I believe this is the same question as at (*): who controls the list of trusted logs? One assumes that anybody doing so (e.g. Chrome) would also run a Monitor, and thus detect misissuances and remove said logs from their list the same way they would have removed DigiNotar.

I think a section specifying the actions of TLS clients should answer a lot of these questions. Such a section would say in part that clients must keep lists of CAs and log servers, maintained either by themselves or by a trusted third party, and that the signatures on the cert and the SCT should be from entities in the respective lists. Whoever maintains the list undertakes to remove both bad CAs and bad log servers if they are detected.
>  
> Monitors also play a critical role in detecting certificate mis-issuance, for Subjects that have requested monitoring of their certificates. Thus Monitors represent another target for adversaries who wish to effect certificate mis-issuance.

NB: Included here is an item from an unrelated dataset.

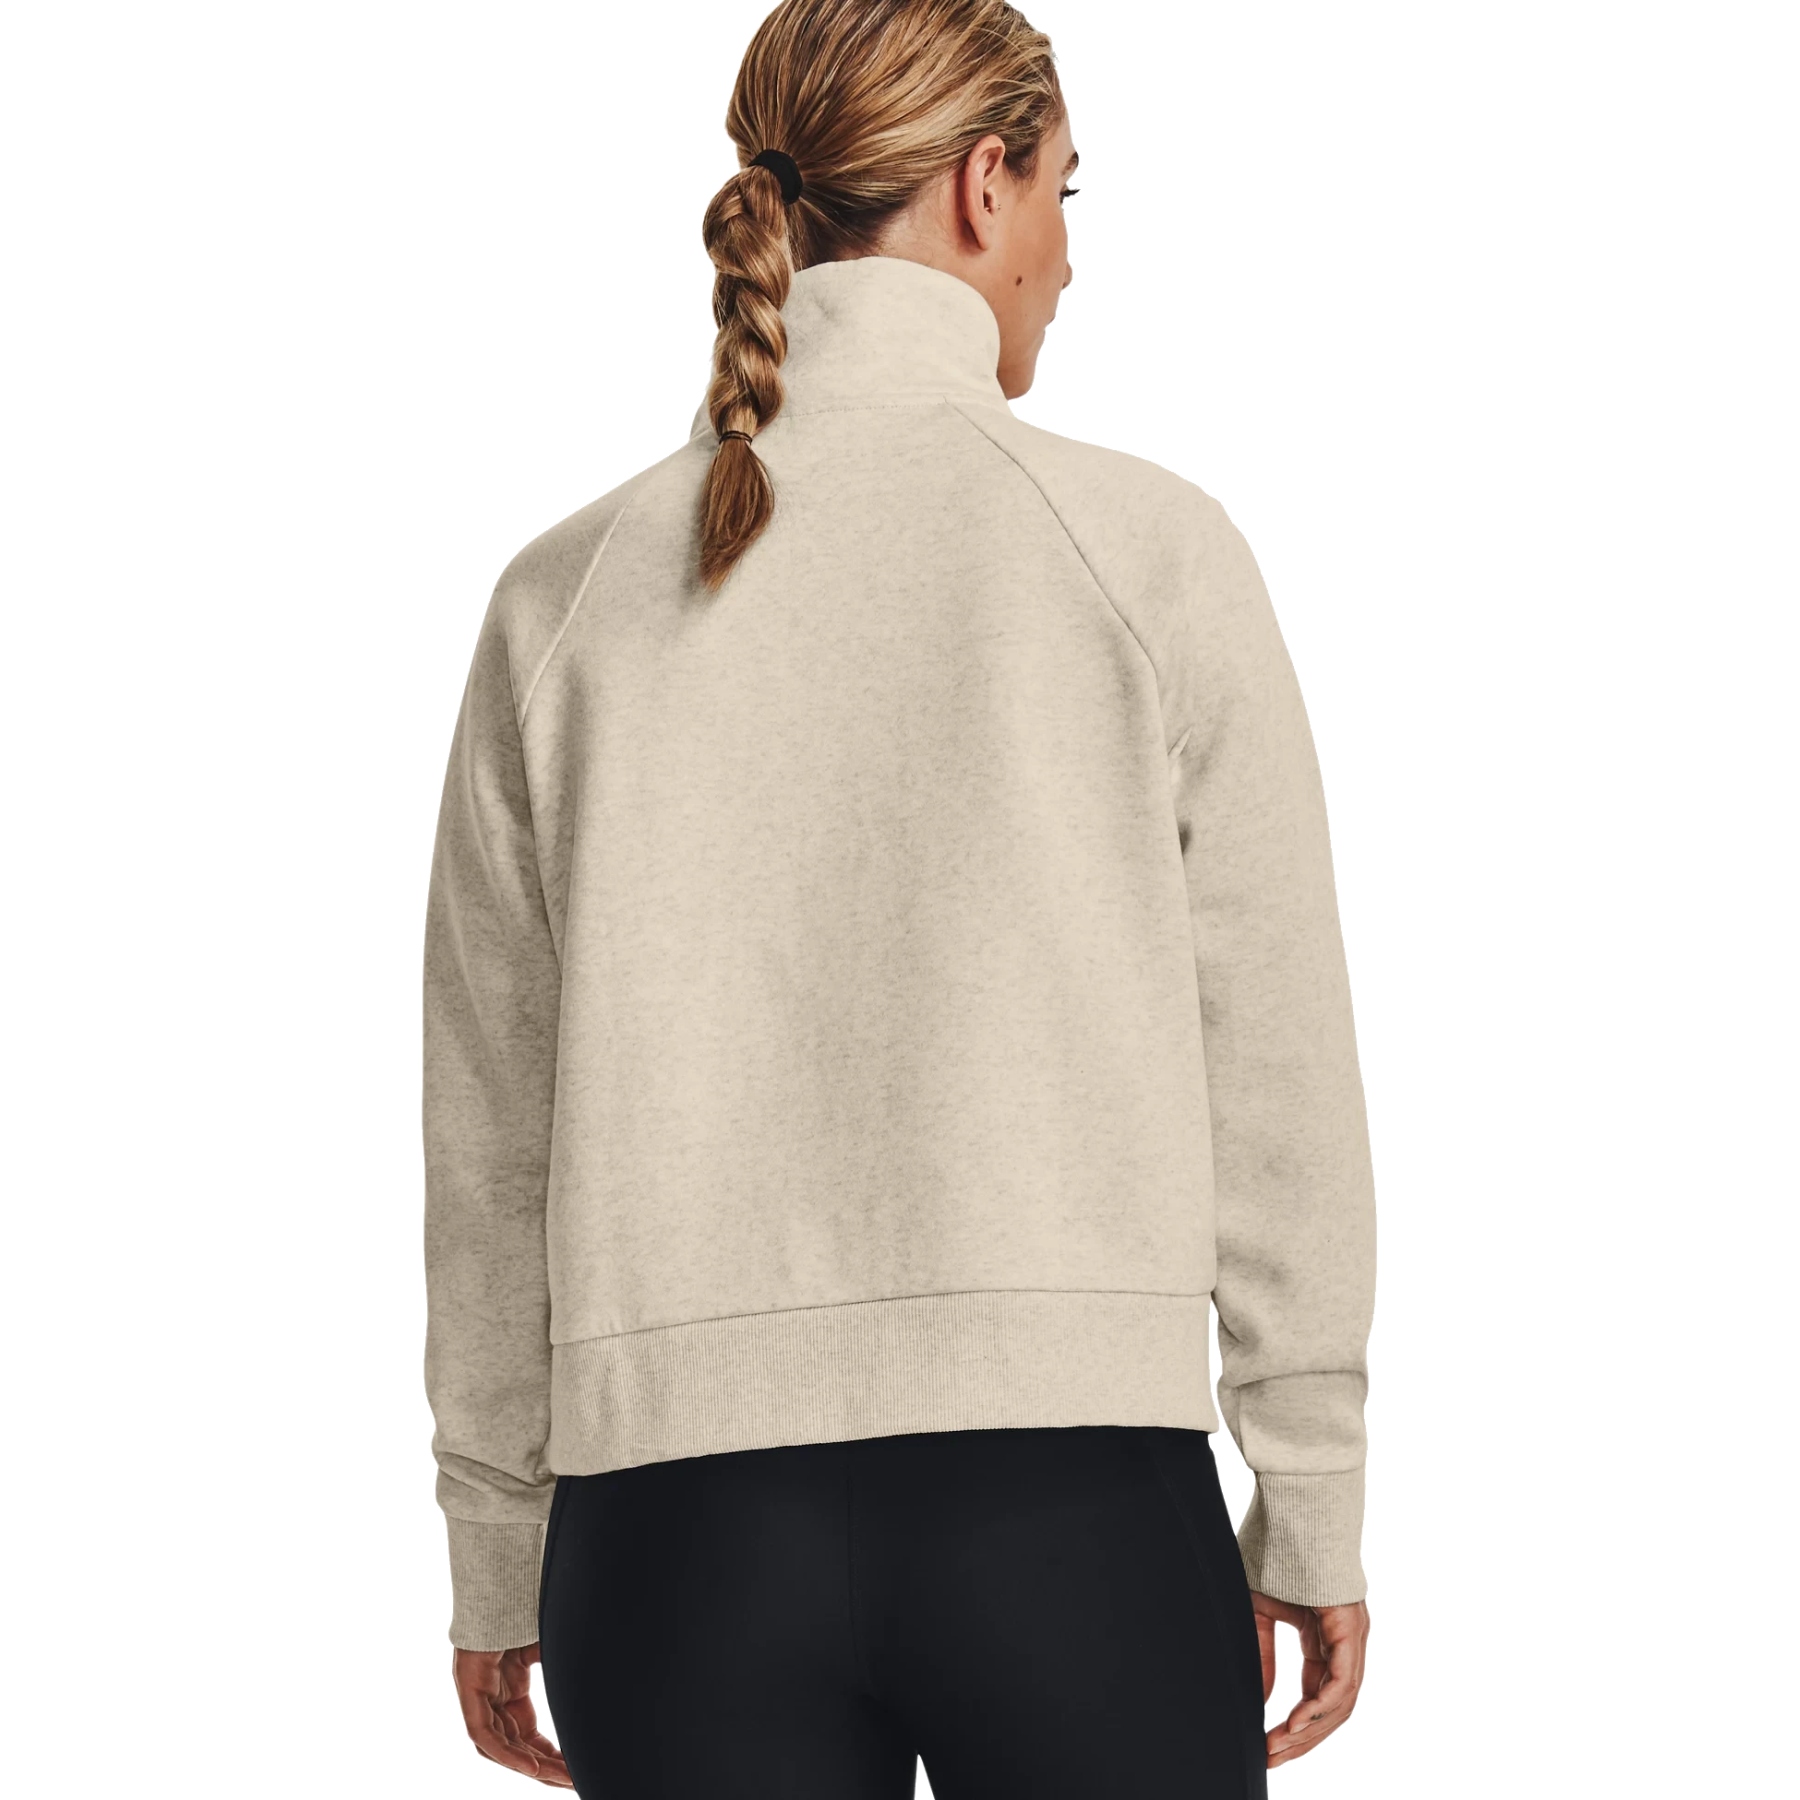 Under Armour UA Rival Fleece ½ Zip Sweater Women - Oatmeal Light

If a Monitor is compromised by, or is complicit with, an attacker, it will fail to alert a Subject to a mis-issued certificate targeting the Subject. This raises the question of whether a Subject needs to request certificate monitoring from multiple sources to guard against such failures.

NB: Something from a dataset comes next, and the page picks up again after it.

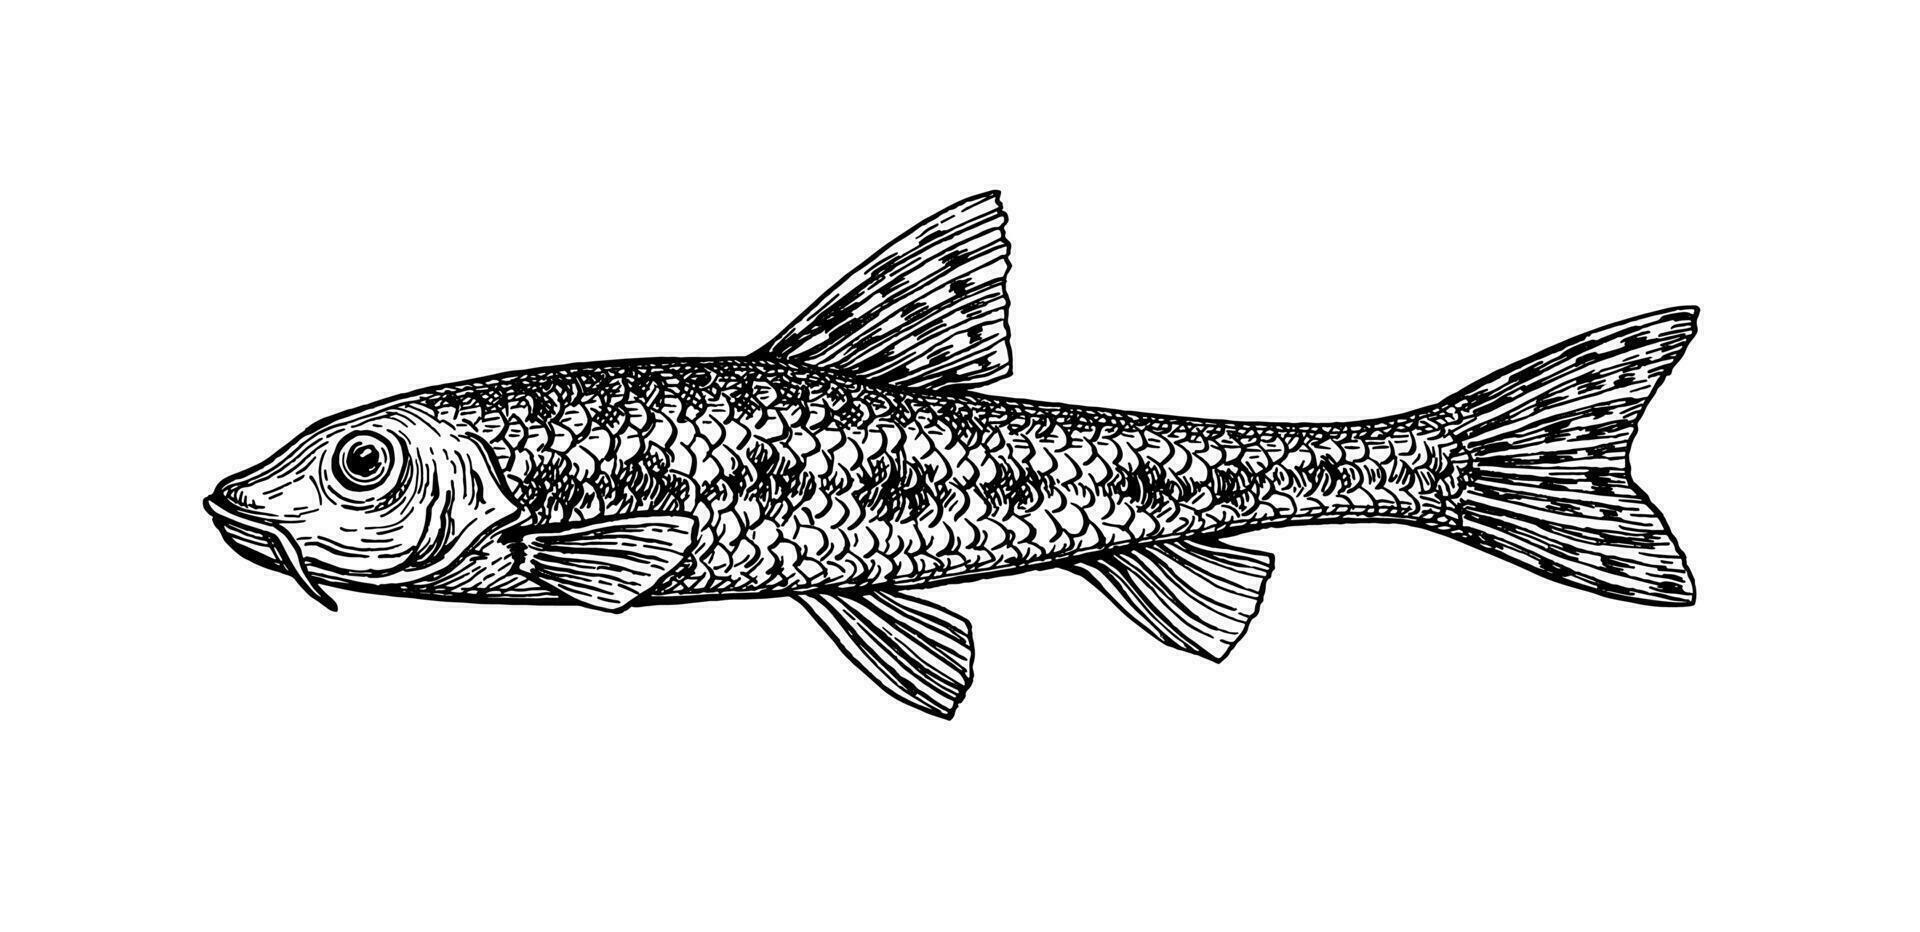 gobio gobio. små sötvatten fisk. bläck skiss isolerat på vit bakgrund. hand dragen vektor illustration. retro stil.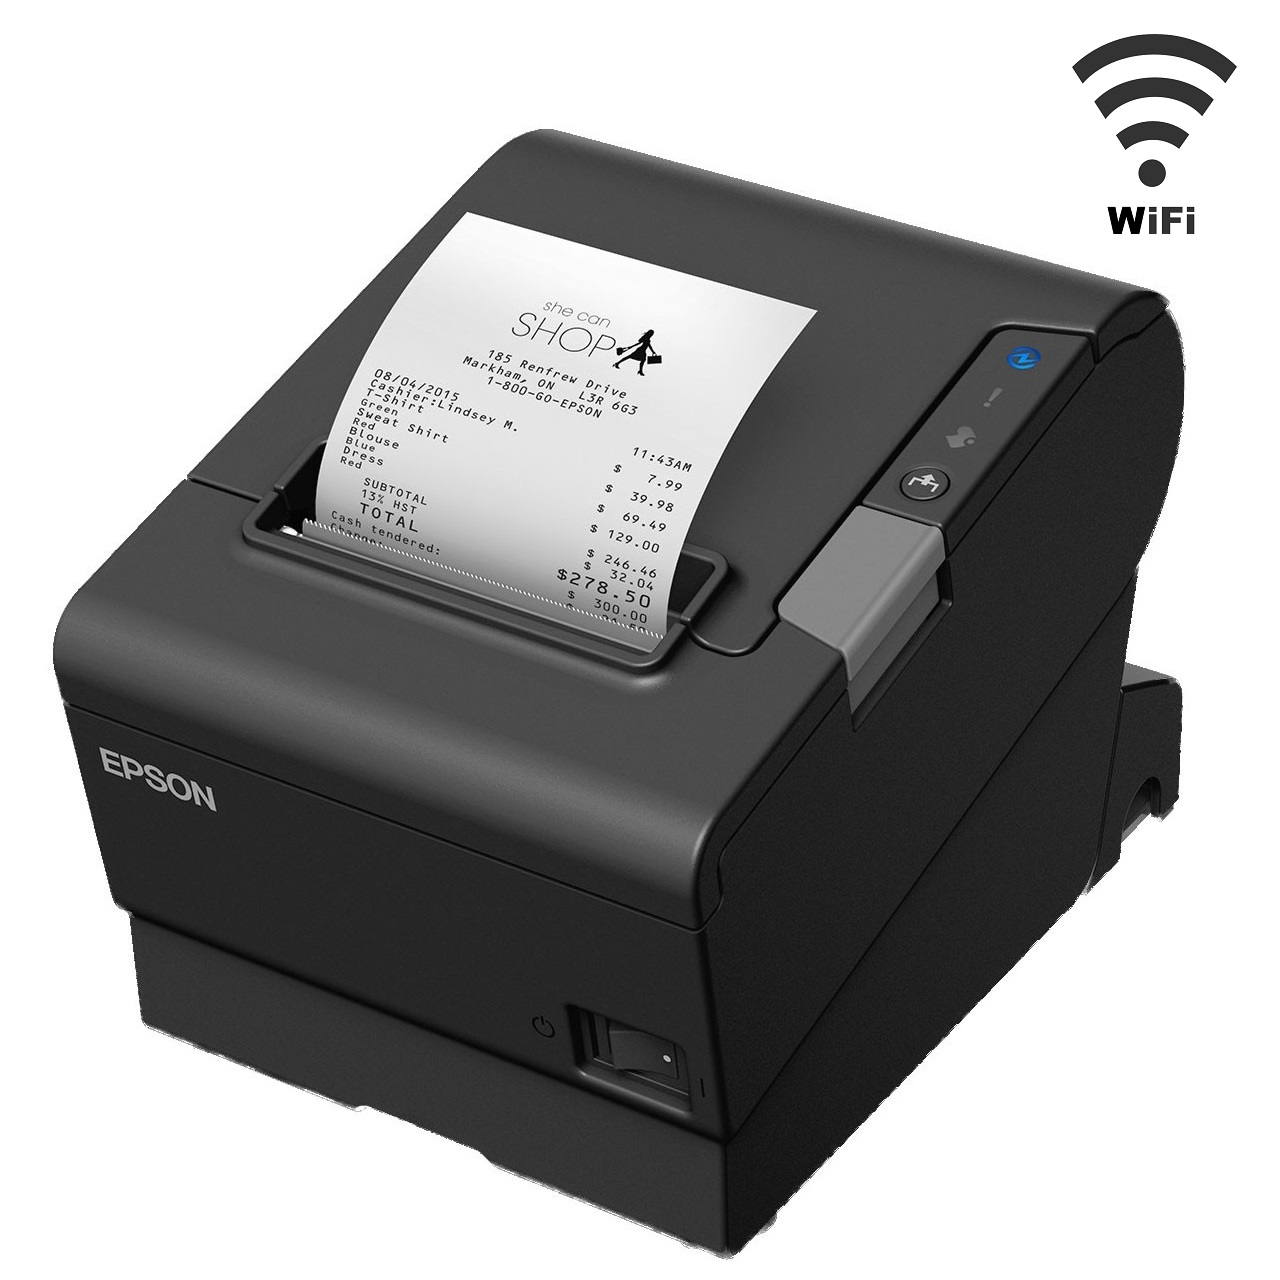 Epson TM-T88VI Wireless Thermal Receipt Printer

Subjects must choose a trusted Monitor because the Monitor is by definition the thing that watches the logs; they can do this themselves or they can delegate to a third party, in which case they rely on that party not to be compromised. This doesn’t seem particular to CT: if I install a burglar alarm either I have to monitor it, or I have to pay someone else to monitor it and trust them to respond if it goes off, or I have to accept that the alarm might be ignored.